Старческая, иссохшая, мертвенно–бледная, точно вылепленная из воска рука размахивает в свете лампы листком бумаги.

– Вот свидетельство о смерти и разрешение на предание земле – составлено должным образом и подписано мной лично. Только даты недостает.
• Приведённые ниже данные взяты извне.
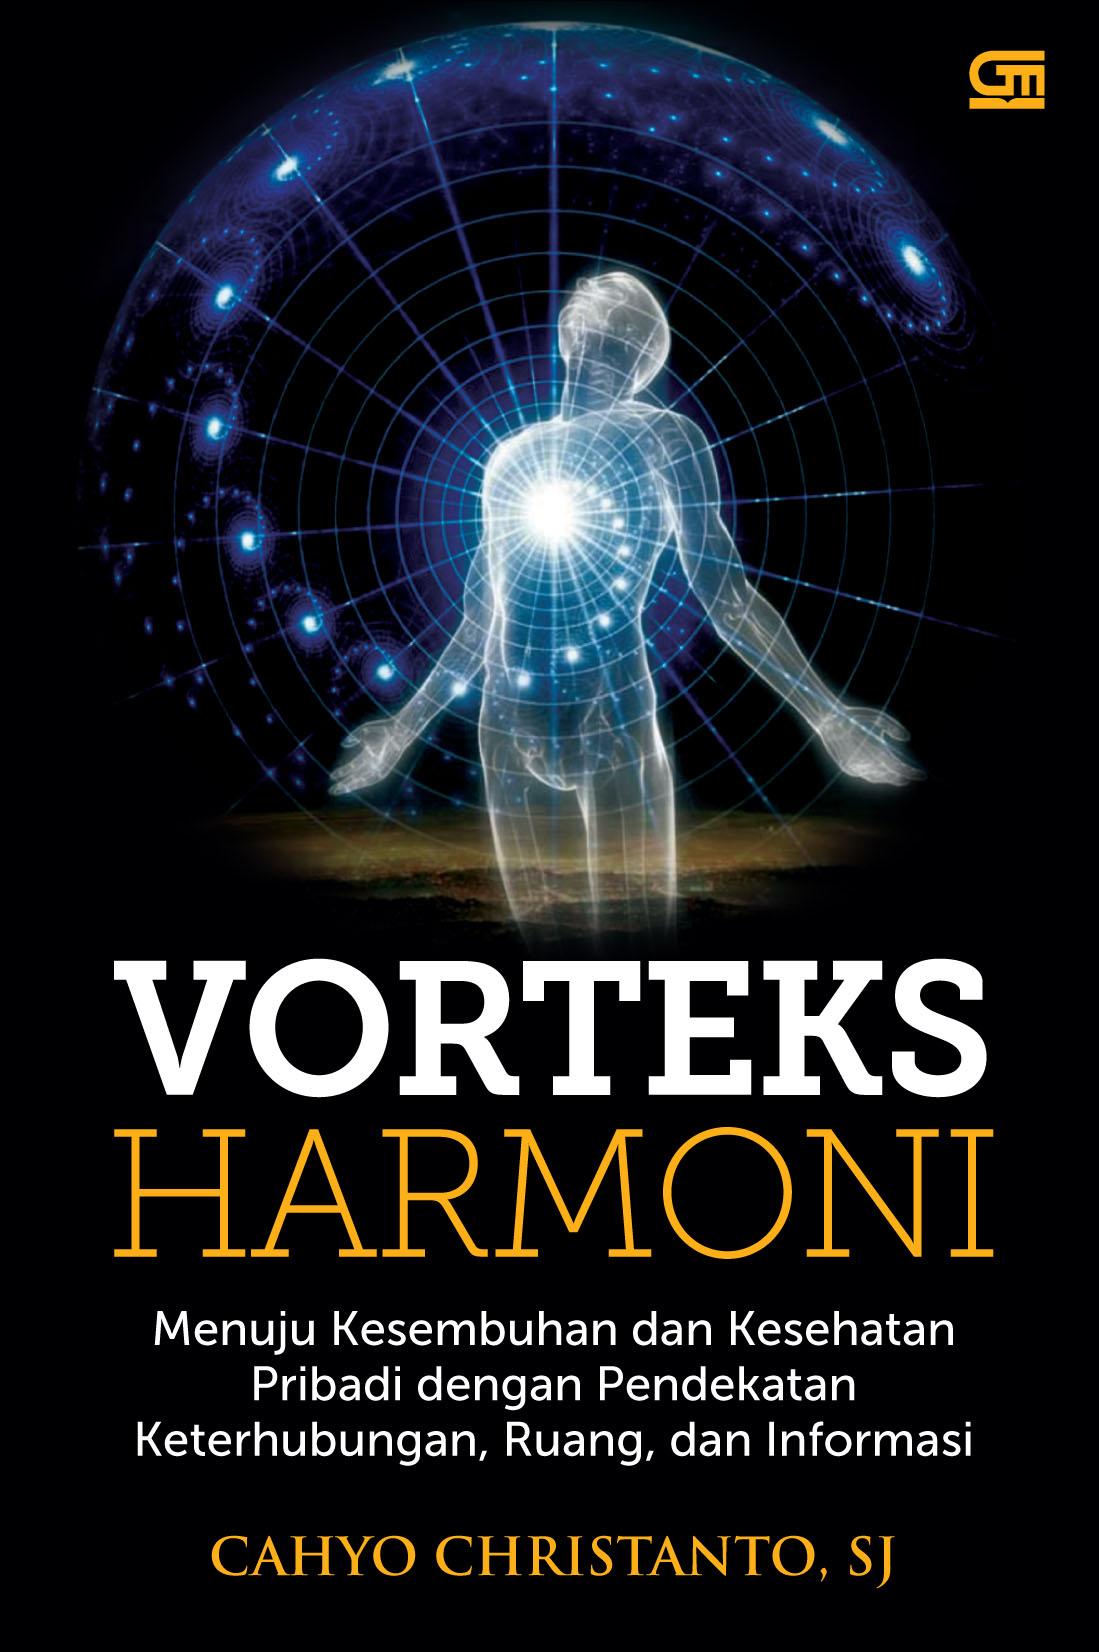 Vorteks Harmoni

Кстати, еще вчера причиной смерти значилось двустороннее воспаление легких; однако я думаю, что «болезнь Брайта»[3] звучит куда внушительней.

Ведь надобно же оказать старине Кассаву хотя бы эту услугу, не так ли? А теперь, славная моя Элоди, я бы охотно угостился еще одной чудесной вафлей.

Так рассуждает доктор Самбюк: дядюшка хоть и примирился с его визитами, но не признает никаких предписаний.

Доктор такой тщедушный и маленький, что рядом с Элоди даже в высокой шляпе выглядит карликом – едва ей до подбородка достает, а ведь Элоди и сама не великанша.

Все личико у него в складках и морщинах, а на сей скомканной миниатюре внезапно выдается гладкий и мясистый розовый нос.

Прозрачная, словно воск, тонкая рука с неожиданной силой разламывает вафли на правильные квадратики и поливает их маслом и патокой.

– Пожалуй, я постарше его буду, хотя о нашем дорогом Кассаве трудно знать что–нибудь наверняка, а вот он уходит первым, – радостно кудахчет старый гурман. – Подобные события весьма утешительны в моем возрасте: так и кажется, а вдруг смерть про тебя забыла? Кто знает? Может, так оно и есть. Мы ведь связаны сорокалетней дружбой, искренней и прочной. Познакомились на пассажирской барже – Кассав возвращался с охоты, подстрелив пару веретенников. Я поздравил его с трофеем – не каждый стрелок добудет такую пугливую птицу.

Ну а он в ответ пригласил отведать дичинки. Разумеется, я не отказался! Да будет вам известно, мясо веретенника – если он успел нагулять жирку – даже нежней, чем у его родича бекаса.

И с тех пор меня нередко удостаивали приглашения в Мальпертюи.

Мальпертюи! Чернила тяжко сочатся с пера, когда скованная ужасом рука выводит на бумаге зловещее слово. В этом доме свершились многие судьбы, он подобен последней вехе на путях человеческих, воздвигнутой самим безжалостным роком. Я невольно отталкиваю мрачный образ, отступаю перед ним, словно пытаюсь отсрочить его неотвратимый выход на авансцену моей памяти.